Whenever I read a book, I always want to know why the book is given the title that it has. In this case, the title is a little vague, as there are only two moments in the story in which Sarah has a dream. One of those moments indicated only a small bit of foreshadowing. The other dream, which seems to be the more fitting reason behind the title, is at the very end of the book. Unfortunately, because of spoilers, I cannot fully explain why the book was given its title. It’s not a big deal, and it certainly doesn’t take away from my enjoyment of the story, but I think that a different title that more broadly describes the events of the book may have been more fitting.

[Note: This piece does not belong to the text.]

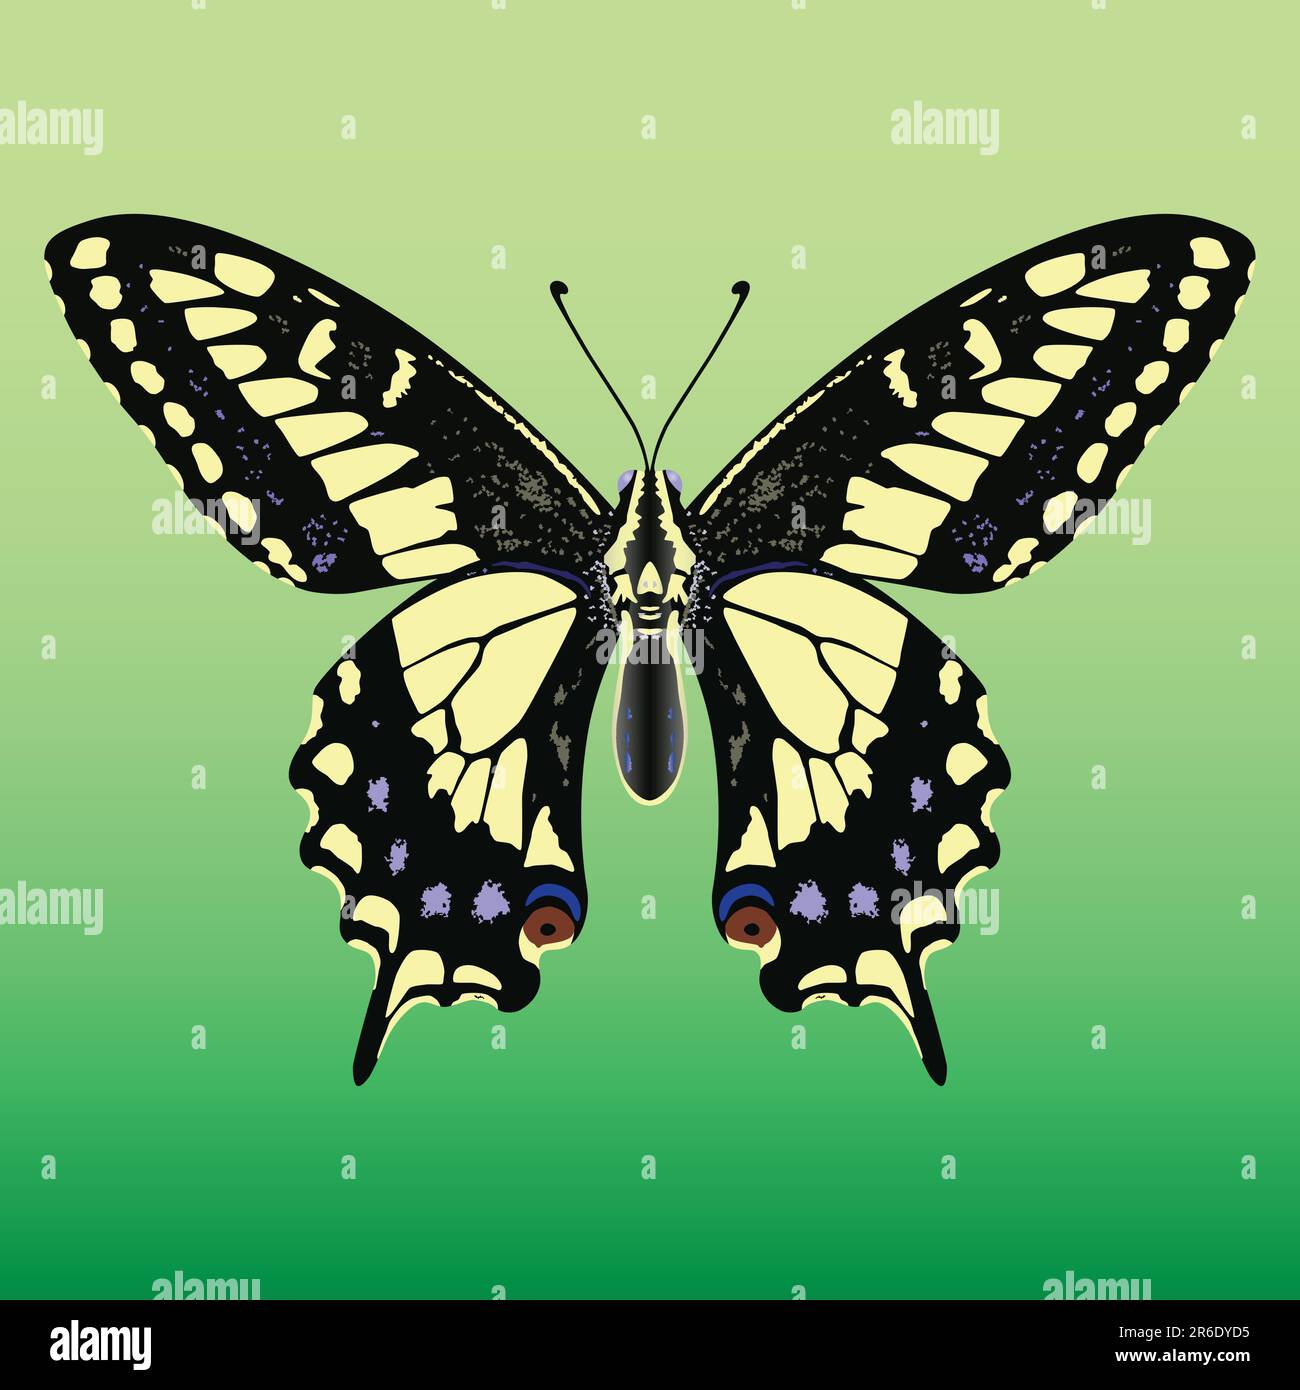 Magnifique vecteur jaune et noir papillon géant Illustration de Vecteur

For some reason, this book reminded me of a condensed, adult version of A Series of Unfortunate Events. Poor Sarah just seems to be stuck in an endless cycle of misfortune. First, she loses her job as a music teacher because she is getting married. Then she has to give away her piano because her husband doesn’t like it and there is no room at their new house. It only gets worse when her husband takes all of their assets, including selling their house without telling her. The poor woman just can’t catch a break. Being an abandoned woman with two children during that time period couldn’t have been easy. However, Sarah takes it all in stride and does the best she can with what she is given without showing much weakness or despair.
Although the story takes place more than a hundred years ago, it is easy to relate to Sarah and her story. The language that the characters use is extremely colloquial, so some of us Americans may have a harder time understanding the dialects as they are written. I actually found it kind of fun to learn some new words and manners of speaking. However, other parts of the story, predominantly those in which the characters go through their daily routines and meals, were a bit slow-paced for my taste.
The writing of this book is nearly flawless, and there is minimal profanity or scenes of a graphic nature. Overall, I give this book a rating of 3 out of 4 stars, and I would recommend it to adult readers who enjoy historical fiction and are looking for something casual to read. The story can feel a bit slow-paced at times, but I think that many readers may prefer this if they are in the mood for some light reading.